Defense Minister Ehud Barak expanded the "special situation" status to all southern communities within a 30-kilometer radius of Gaza, allowing Home Front Command to determine openings and closings of schools, factories and other establishments and events.
Among the cities included on the list, for the first time, was the port city of Ashdod, which was hit by missiles which killed an Israeli woman on Monday evening, as well as Ashkelon, where a construction worker was killed in a missile attack earlier that day. Ashdod is Israel's fifth largest city with over 200,000 residents. Other towns and cities may be added to the list in the coming days.
A Katyusha rocket also exploded in Ashkelon late Monday night, narrowly missing a gas station at a major intersection in the port city. The site of the blast also was very close to a police station. The attack knocked out electricity and forced an abrupt halt to wedding and bar mitzvah celebrations that were taking place in the area.
Preparations Continue for Ground Offensive
Israel continues to prepare for an eventual ground offensive, although the order to move in to Gaza has not yet been given.

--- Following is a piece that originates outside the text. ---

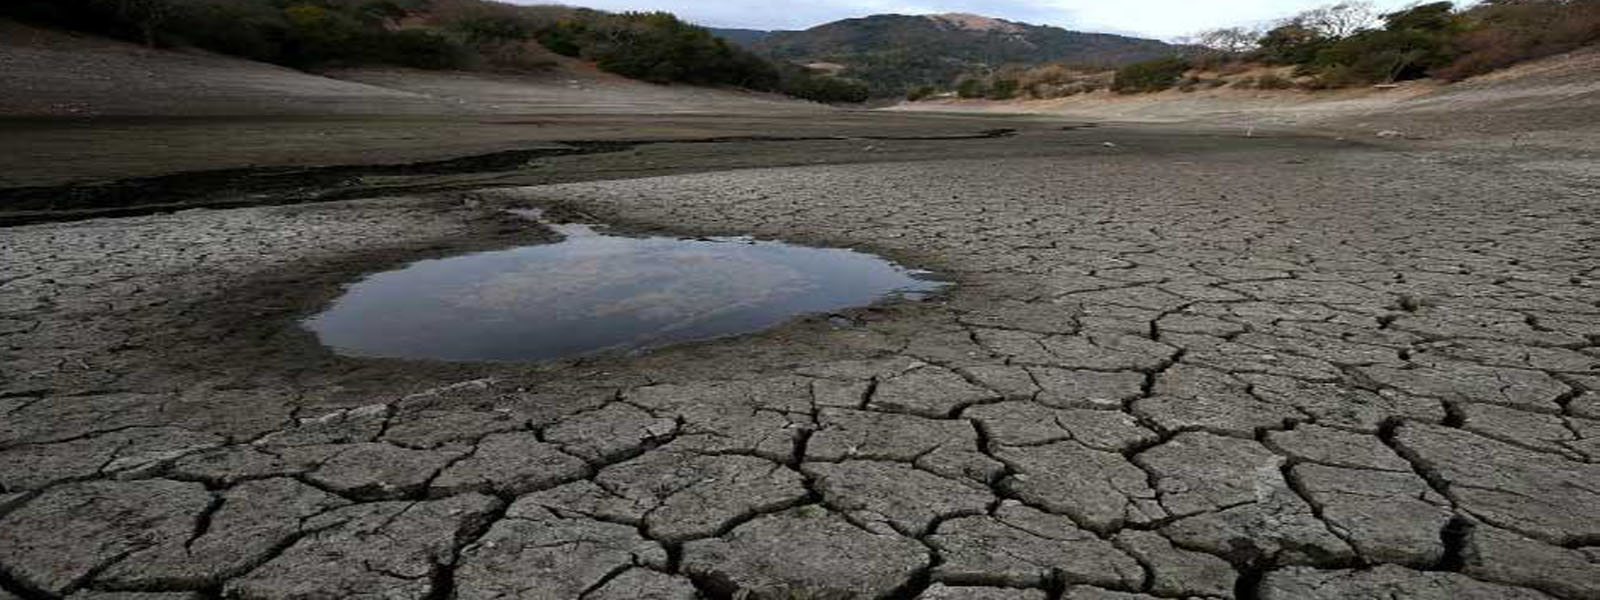 Dry weather affects nearly 900,000

Tanks and half-tracks slowly made their way down the Jerusalem-Tel Aviv Highway throughout the day on Monday as officials authorized the call-up of 6,500 reservists. Combat and armored forces have been massing near the security barrier with Gaza, and the area along the border on Monday was declared a closed military zone.
Deputy Defense Minister Matan Vilnai announced the IDF "has made preparations for long weeks of action," and Home Front Command has continued to update media outlets in all major languages with instructions to the general public.

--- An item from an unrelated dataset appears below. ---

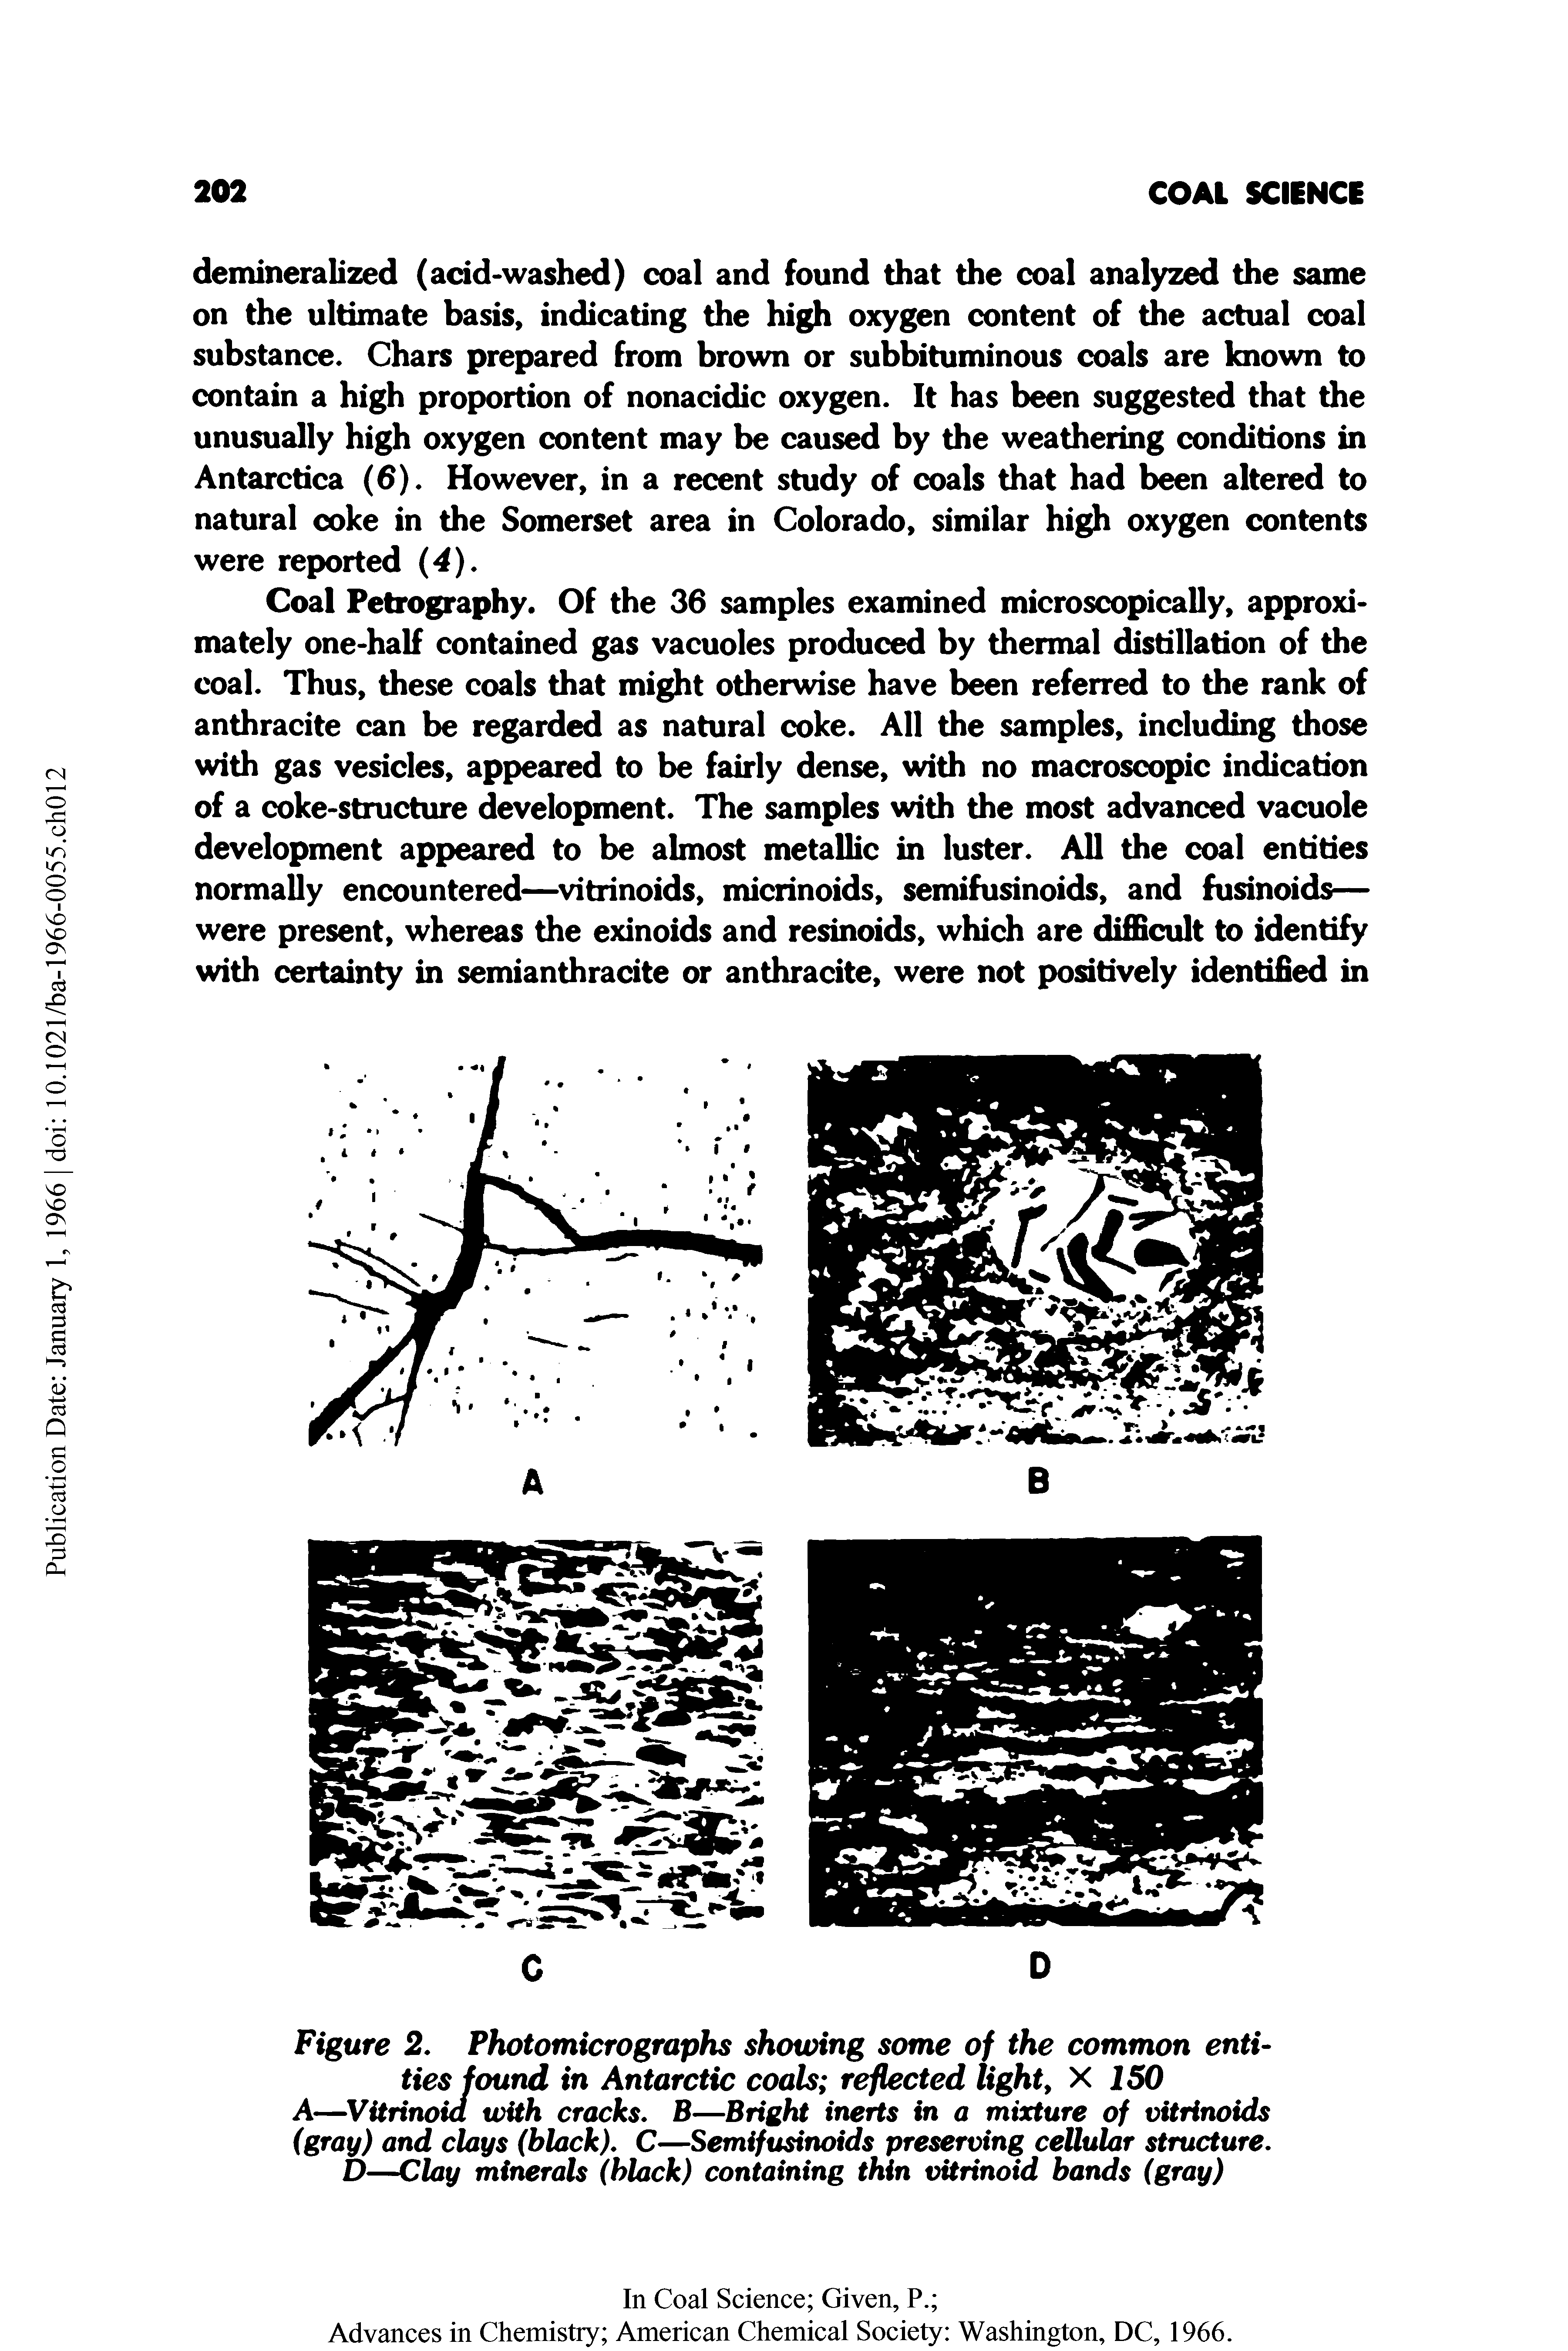 Figure 2. Photomicrographs showing some of the common entities found in Antarctic coals reflected light, X 150 A—Vitrinoia with cracks. B—Bright inerts in a mixture of vitrinoids (gray) and clays (black), C—Semifusinoids preserving cellular structure. D—Clay minerals (black) containing thin vitrinoid bands (gray)...

Foreign Minister Tzipi Livni reiterated in an interview with Arab news outlet Al-Jazeera that the military offensive was aimed at the Hamas terrorist organization, and not Arab residents of the Palestinian Authority in Gaza. She also urged civilians to flee to safety and take refuge in areas away from potential IDF targets – that is, places where Hamas might be storing bombs and other ordnance.

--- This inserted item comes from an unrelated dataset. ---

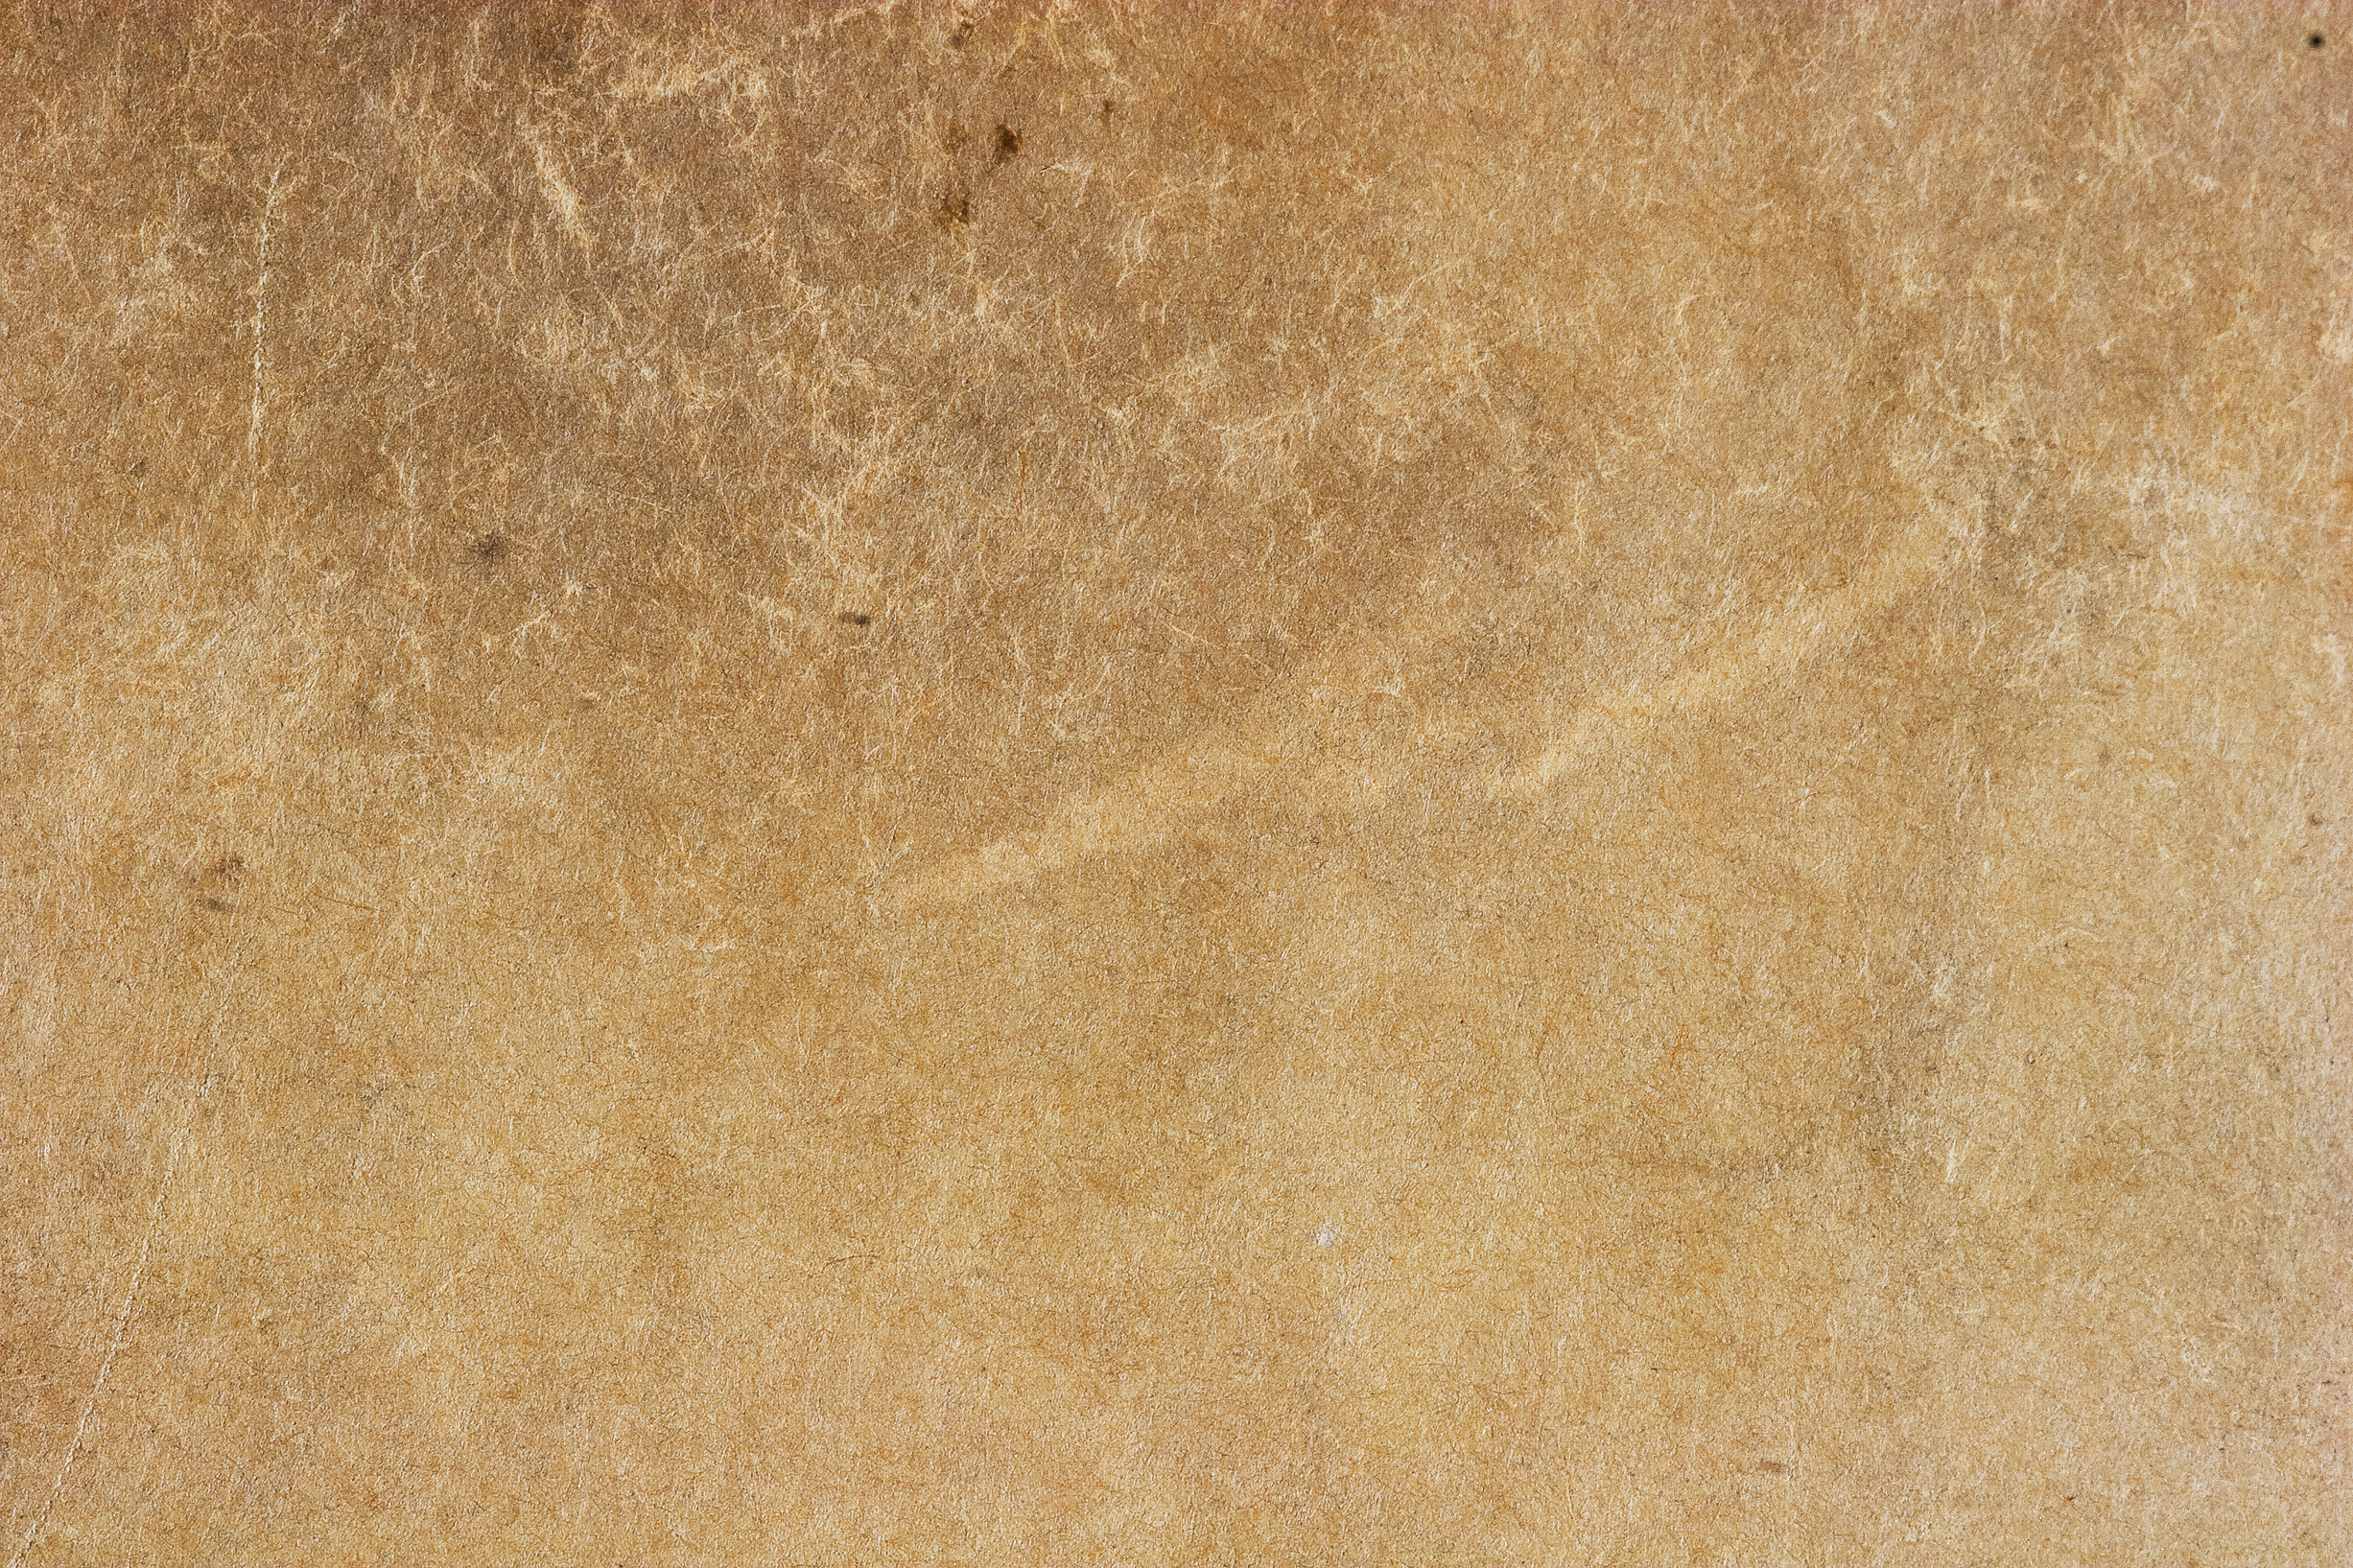 Old Paper Texture | Flickr - Photo Sharing!

"We tried to avoid this," she told the Arab news outlet. "You know that Israel accepted the truce that was initiated by the Egyptians in order to create peace and quiet. We adopted the truce. What have we got in return? We got in return daily attacks, we got in return smuggling of weapons into the Gaza Strip with long-range [capabilities]," she said.
If launched, a ground operation could be carried out in a number of different ways, including lightning in-and-out strikes, as opposed to a straight invasion, said military officials.
Israel is committed to continuing the attack until Gaza terrorist groups are willing to surrender, and end rocket and mortar attacks on Jewish communities in the south, permanently. Hamas, which rules Gaza, has announced it will continue the fight, and rocket and mortar attacks on Israel indeed continued throughout the night and into Tuesday morning.
In addition to the two civilian casualties on Monday, an IDF soldier was killed, and five soldiers wounded, one seriously, in a mortar attack on an army base near the Nahal Oz Crossing into Gaza late Monday night. This was the first fatal attack on an IDF base since the current offensive began.